Trace Forge

The Problem

Every LLM operation produces three things:

•HOLD₁ — The input (context, files, instructions)
•AGENT — The cognition (decisions, attention, confidence, surprise)
•HOLD₂ — The output (findings, documents, code, answers)

The industry default: ship HOLD₂, discard AGENT. The most valuable part — how the system thought — evaporates every session.

This skill makes the AGENT layer a first-class, persistent output.

The Three-Output Protocol

Every operation that uses this skill produces three files:

code

output/
├── WORK.md        ← what was produced (HOLD₂)
├── TRACE.md       ← how it thought (the AGENT, captured)
└── FILTER.md      ← what was deleted/kept/emerged (compression)

WORK.md

The primary deliverable. Whatever the plugin/skill/pipeline was asked to produce. No change from normal operation.

TRACE.md

The cognitive trace. Captured DURING operation, not after. Format:

markdown

# Trace: [operation name]
# Session: [timestamp]
# Operator: [agent identifier]

## Decisions

### Decision 1: [what was decided]
- **Options available:** [what could have been chosen]
- **Chosen:** [what was selected]
- **Sacrificed:** [what was NOT selected and why]
- **Confidence:** [high/medium/low]
- **Signal source:** [what triggered this decision]

### Decision 2: ...

## Attention Log
- **Read:** [files/sources actually consumed, in order]
- **Skipped:** [files/sources considered but not read, with reason]
- **Surprised by:** [things found that weren't expected]
- **Missed (known):** [things I know I didn't look at]

## Confidence Map
- **High confidence:** [claims/patterns I'm sure about]
- **Medium confidence:** [claims that seem right but could be wrong]
- **Low confidence:** [guesses, inferences, things I'd want to verify]

## Surplus Value
[Insights that emerged from the processing that weren't present in any single input. The thing the Furnace produces that neither HOLD contains.]

FILTER.md

The compression artifact. Apply the scout filter to the trace itself:

markdown

# Filter: [operation name]

## Deleted (Drowning)
[What was noise, circular, redundant, or irrelevant. What the next cycle should skip.]

## Kept (Swimming)
[What was signal. What the next cycle should prioritize.]

## Emerged (Surplus Value)
[What appeared that wasn't in any input. The actual intelligence of the operation.]

How to Emit a Trace

During Operation (Not After)

The trace is emitted AS the agent works, not reconstructed afterward.

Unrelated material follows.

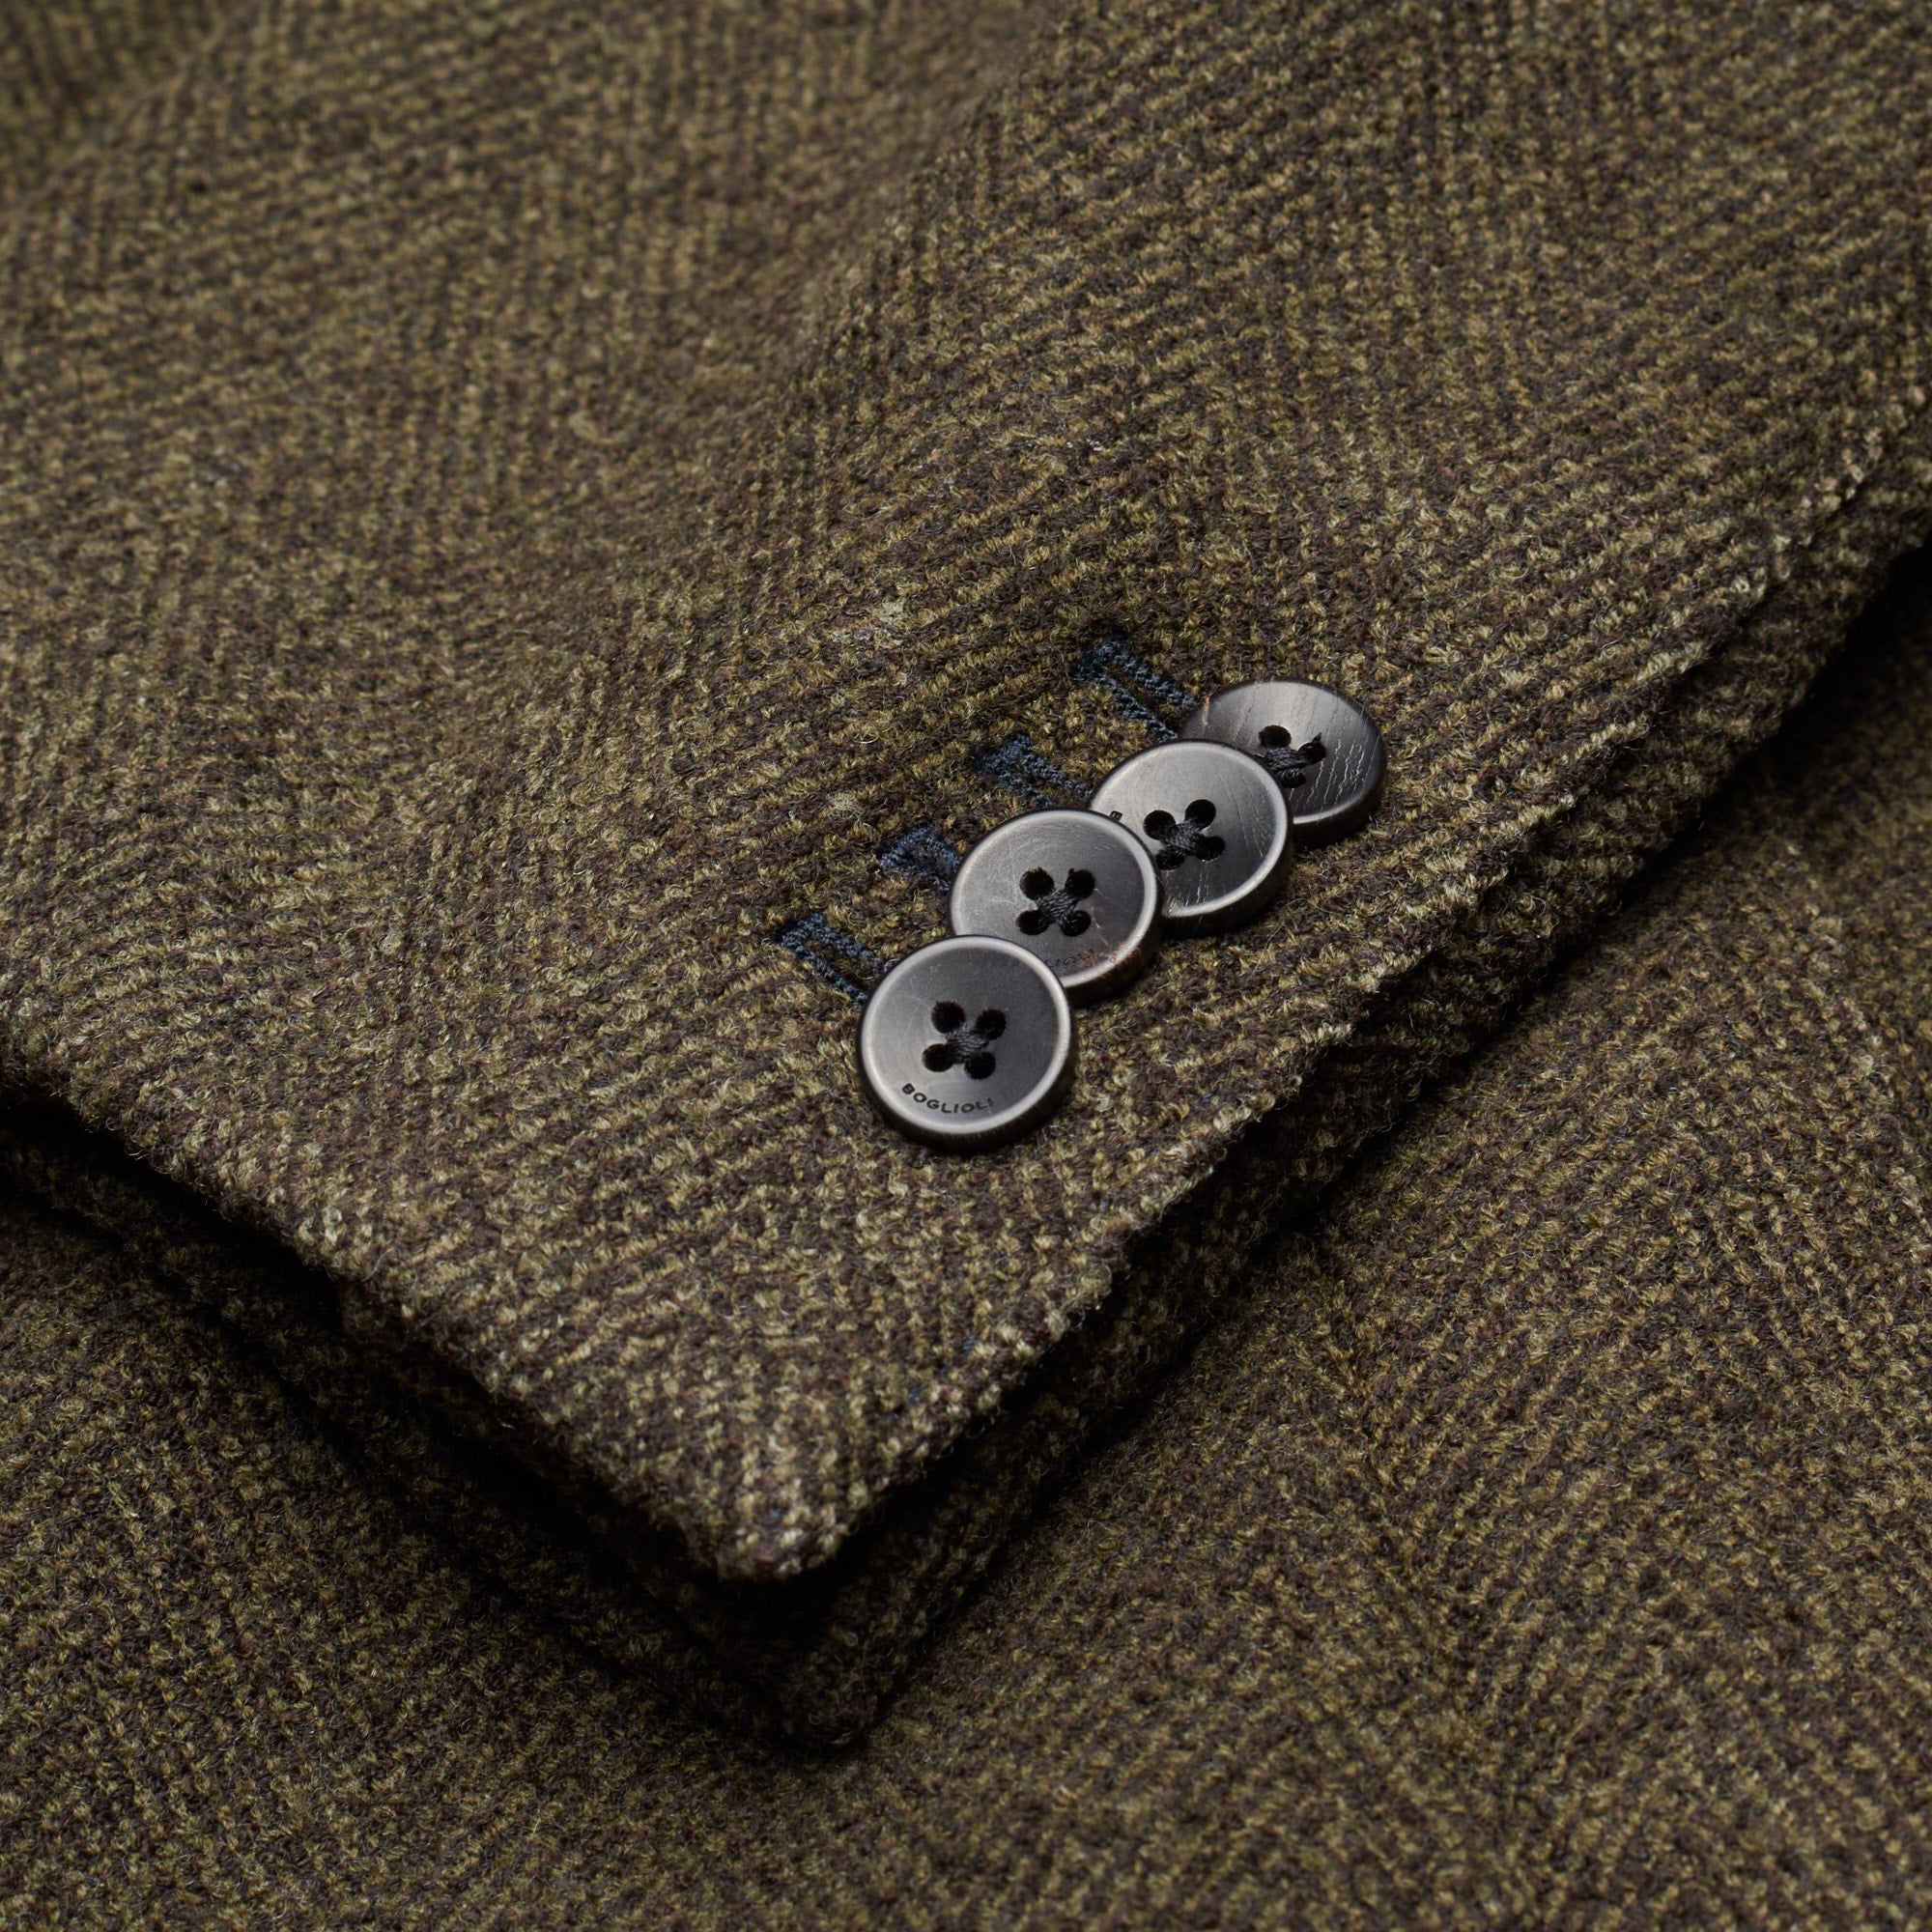 BOGLIOLI Milano Green Herringbone Wool Blend Unlined Coat EU 50 NEW US 40

This means:

•Before each decision: Name the options and the choice
•After each file read: Note what was found vs expected
•At each pivot point: Record why direction changed
•When uncertain: Say so, with what would resolve it
•When surprised: Capture the surprise immediately — it's highest-signal

The Compression Rule

Not every micro-decision needs recording. Apply the filter:

•Delete mechanical decisions (which tool to use, formatting choices)
•Keep strategic decisions (which file to read, which pattern to weight, which interpretation to choose)
•Flag emergent insights (connections that appeared through processing)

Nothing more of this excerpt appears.